The tax incentives that help support employment-based health coverage and retirement benefits could be radically scaled back to support plans for tax reform in Washington.

To examine the implications for private-sector health and retirement benefits, as well as the costs and consequences and what the numbers are, the nonprofit, nonpartisan Employee Benefit Research Institute recently held a day-long policy forum in Washington, attracting approximately 100 experts, benefits professionals, and policy makers to provide their perspectives and predictions.

As a new EBRI report about the forum notes, the reach and impact of such benefits is immense. Employment-based health benefits are the most common form of health insurance in the United States, covering nearly 59 percent of all nonelderly Americans in 2010 and about 69 percent of working adults.

Assets in employment-based defined benefit (pension) and defined contribution (401(k)-type) plans account for more than a third of all retirement assets held in the United States, and a significant percentage of assets held today in individual retirement accounts (IRAs) originated as a rollover account from an employer-sponsored program. Workers routinely rank their employment-based health coverage as the most important benefit they receive, followed by a retirement plan.

Since private-sector health benefits alone rank as the largest single “tax expenditure” in the federal budget, various proposals have been made to either reduce or even phase out the cost of that program to the government. Both for employers that sponsor these benefits—and the workers who receive them—the implications are enormous, the EBRI report points out.

“When you look at some of the recent proposals for reform, benefit plan tax incentives are an area of total and complete volatility, and neither employers nor workers can have any certainty of what lies ahead,” said EBRI president and CEO Dallas Salisbury in a statement.

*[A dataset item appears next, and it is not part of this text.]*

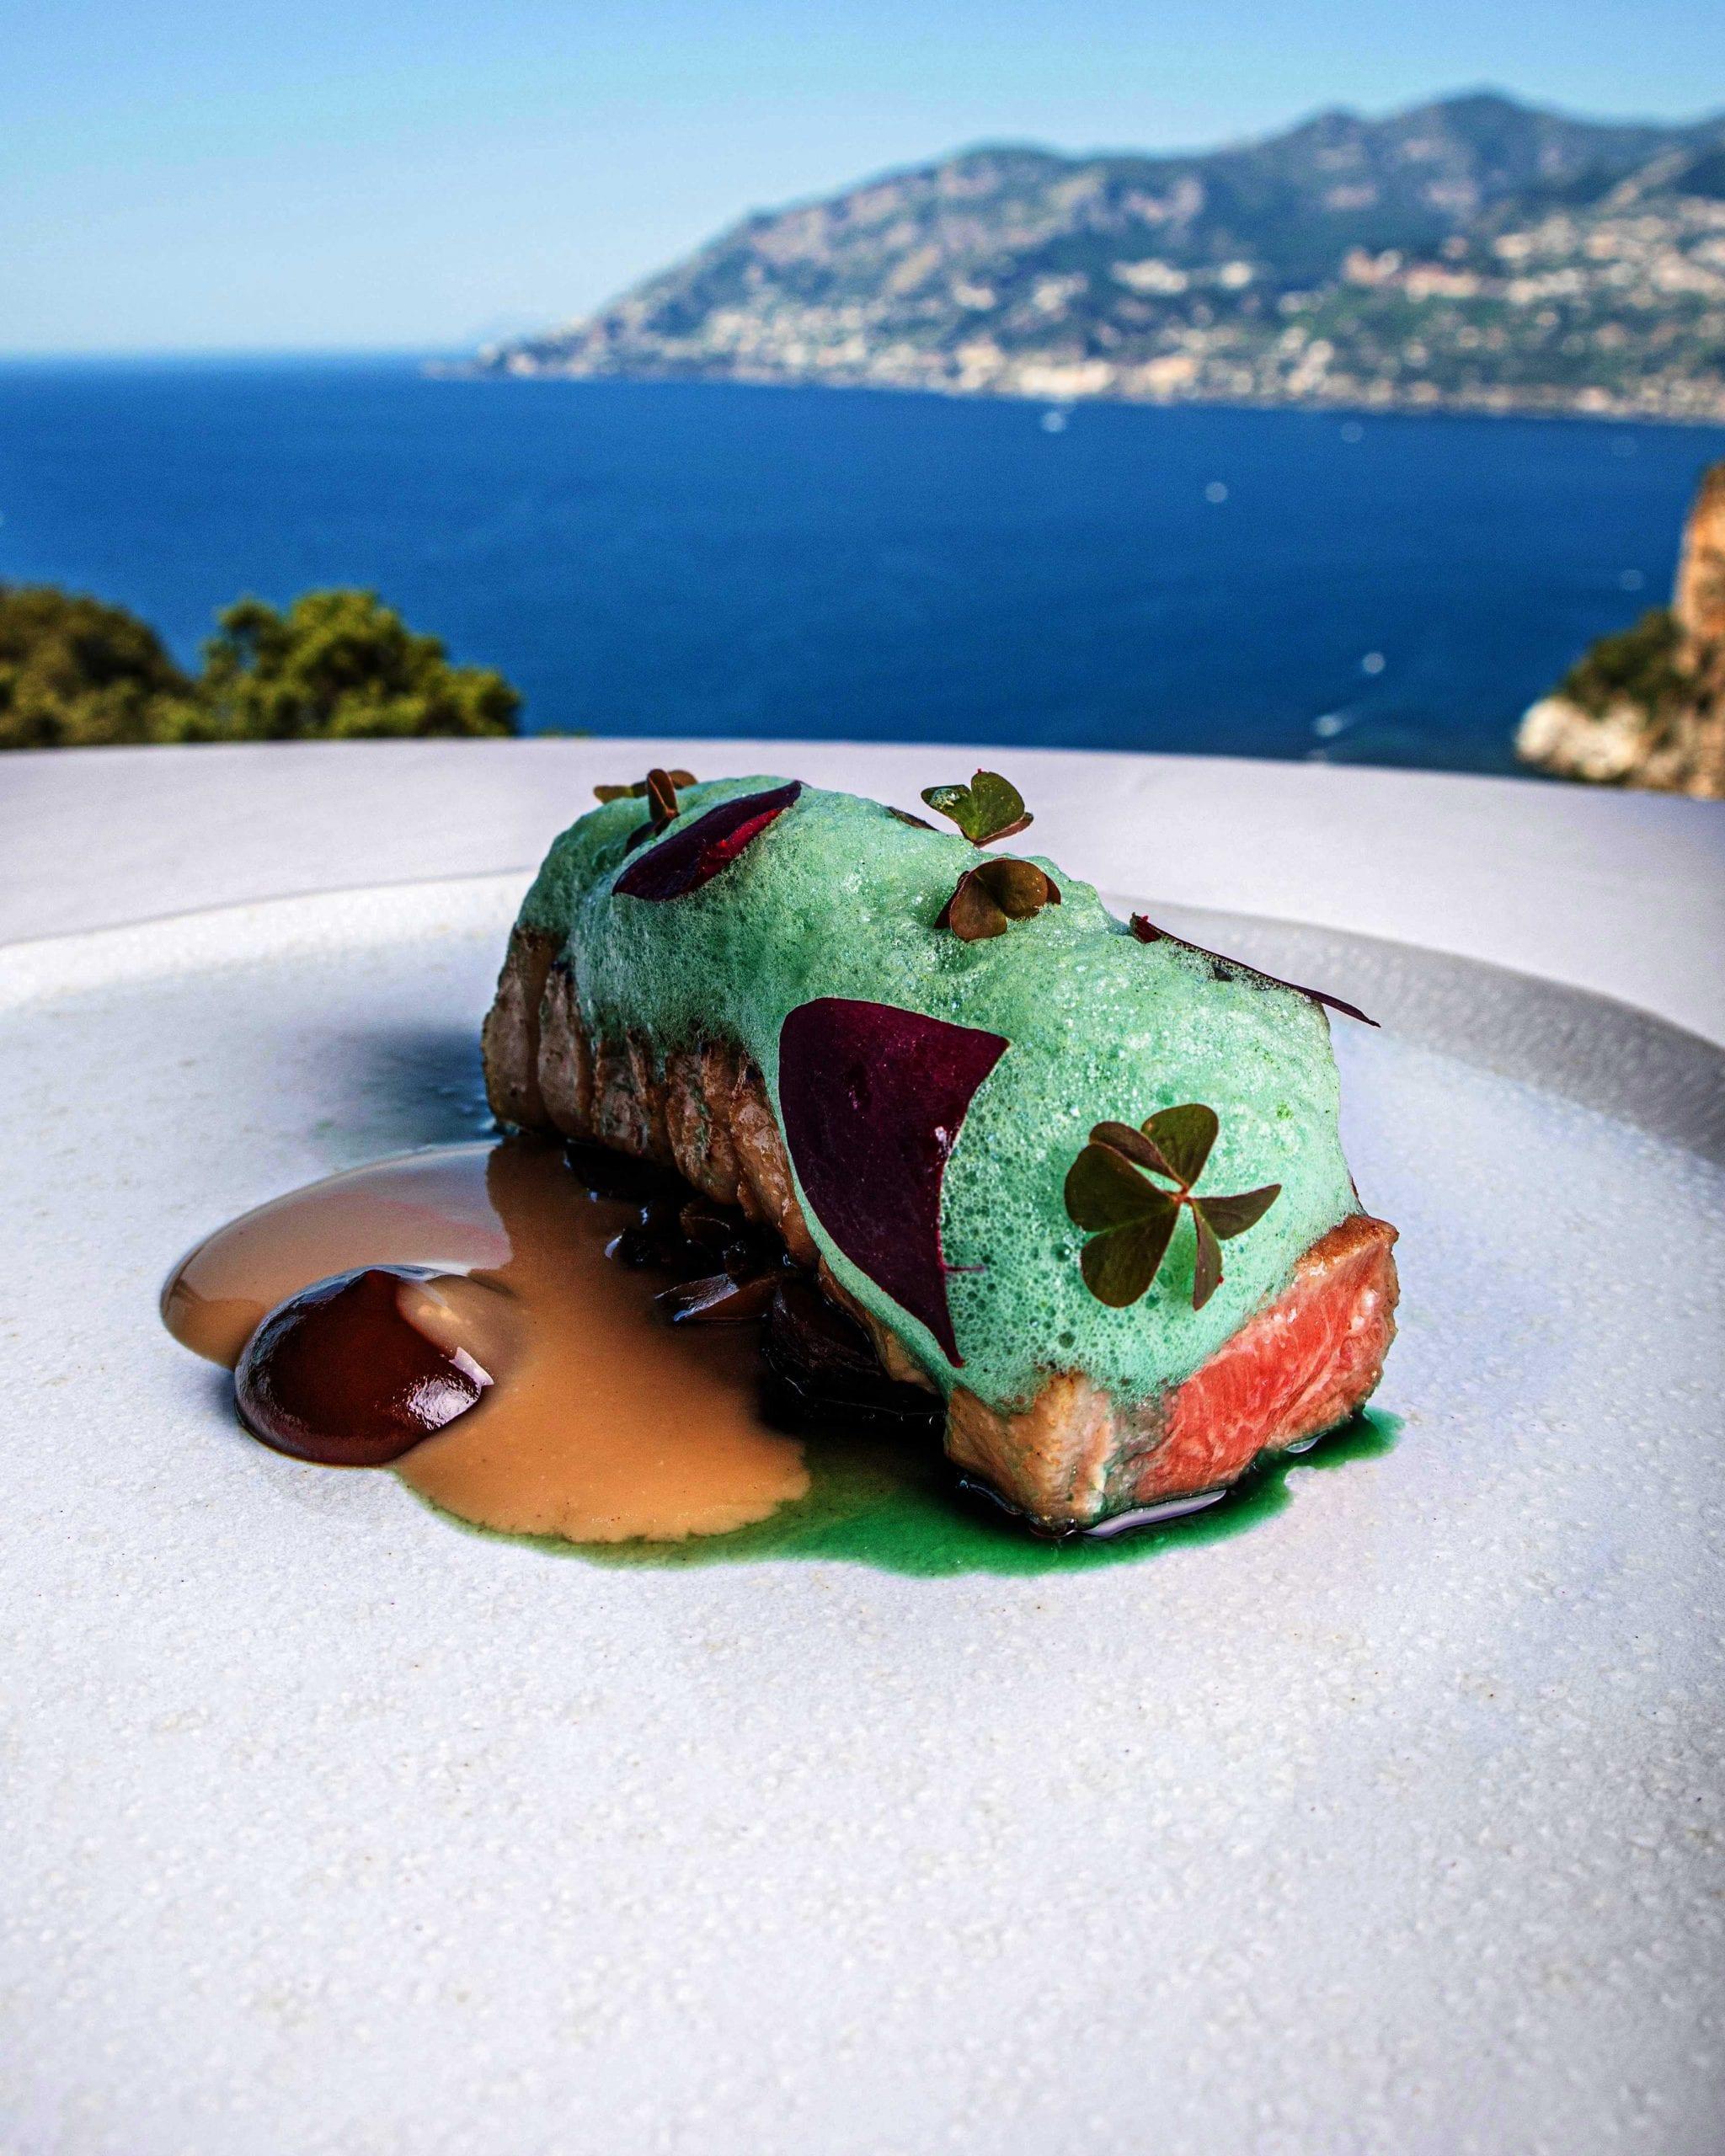 Come una tagliata ai funghi. Ventresca di tonno rosso del Mediterraneo, composta di cardoncelli, aglio nero e pil-pil di tonno

Industry experts and researchers on those topics made several points at the policy forum.

• Retirement benefits are a tax deferral rather than an exclusion from income—meaning the federal government will eventually recoup the forgone revenue, they noted. This distinguishes retirement plan deferrals from other tax exclusions.

• A major difference between tax-expenditure estimates and revenue estimates for scoring tax reform is that the latter incorporates taxpayer behavior; whereas tax expenditure estimates do not.

• Ten percent or fewer of those ages 55–60 are making withdrawals from their IRAs, compared with 80 percent of those 71 and older.

• On a historical basis, depending on the period measured, pre-retiree balances in defined contribution retirement plans double about every eight to nine years.

• Employer match levels seemed to have a bigger impact on older workers, but automatic enrollment seems much more significant in terms of getting younger employees to participate in retirement plans.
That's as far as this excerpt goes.